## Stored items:
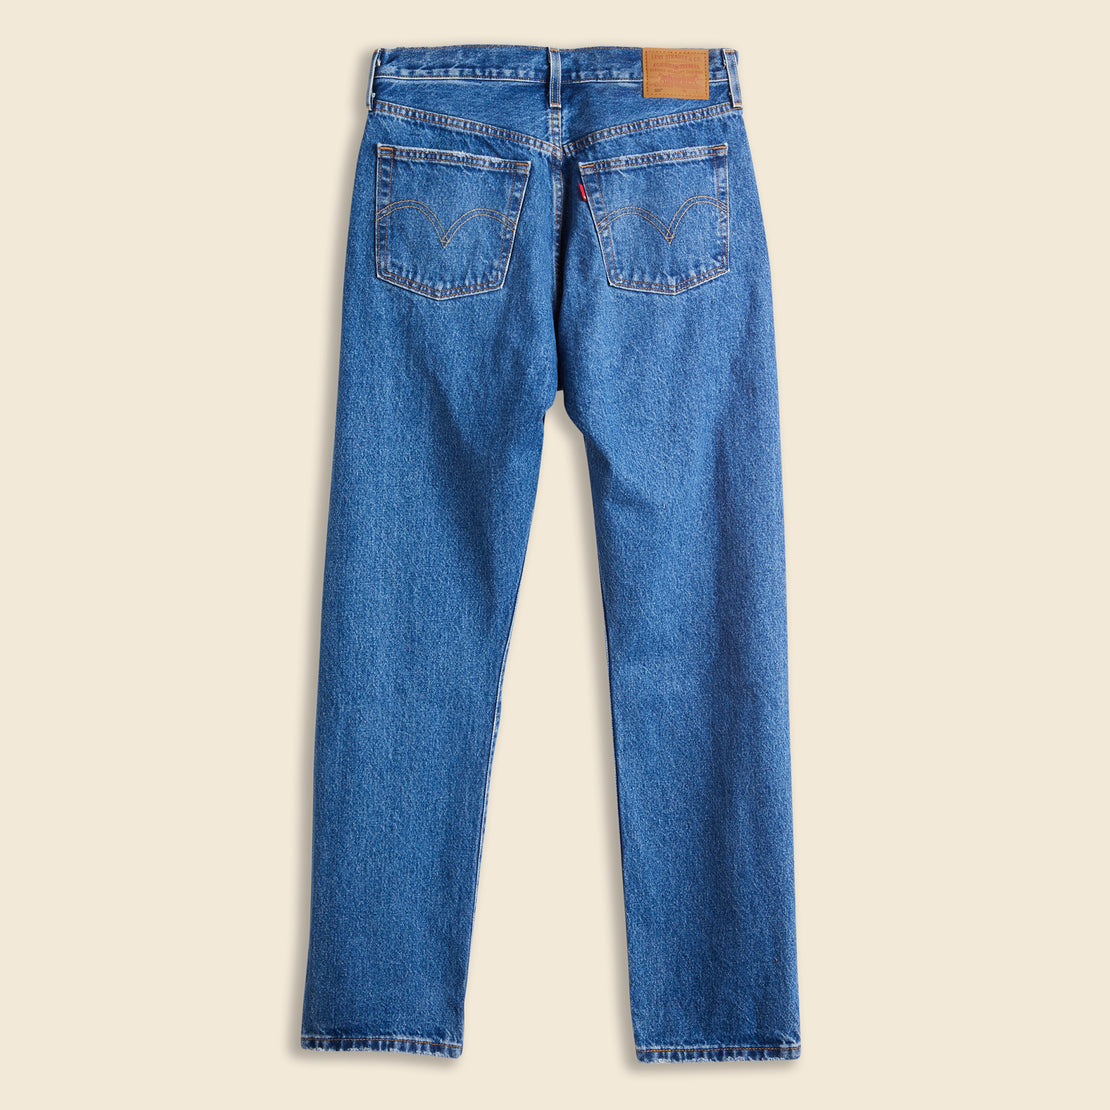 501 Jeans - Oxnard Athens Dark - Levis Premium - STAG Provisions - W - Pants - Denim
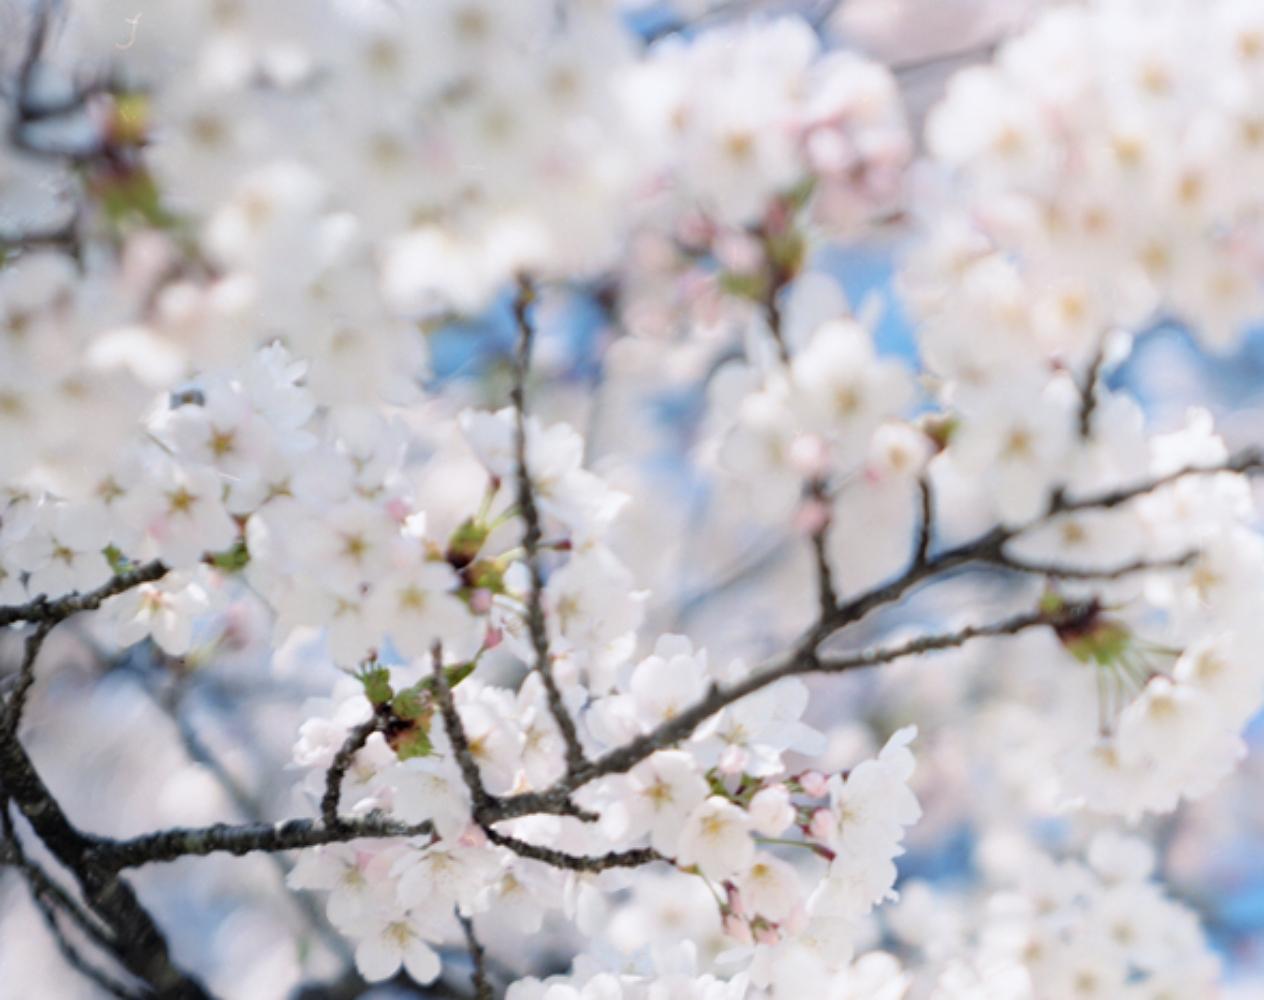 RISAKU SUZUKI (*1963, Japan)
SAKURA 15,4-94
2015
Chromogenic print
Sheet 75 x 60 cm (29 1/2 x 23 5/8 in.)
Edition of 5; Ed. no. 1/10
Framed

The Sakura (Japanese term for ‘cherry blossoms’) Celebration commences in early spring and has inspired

## What you should do:
All entries should be reproduced exactly; no picture belongs in the result.

## Your response:
 501 Jeans - Oxnard Athens Dark - Levis Premium - STAG Provisions - W - Pants - Denim
 RISAKU SUZUKI (*1963, Japan)
SAKURA 15,4-94
2015
Chromogenic print
Sheet 75 x 60 cm (29 1/2 x 23 5/8 in.)
Edition of 5; Ed. no. 1/10
Framed

The Sakura (Japanese term for ‘cherry blossoms’) Celebration commences in early spring and has inspired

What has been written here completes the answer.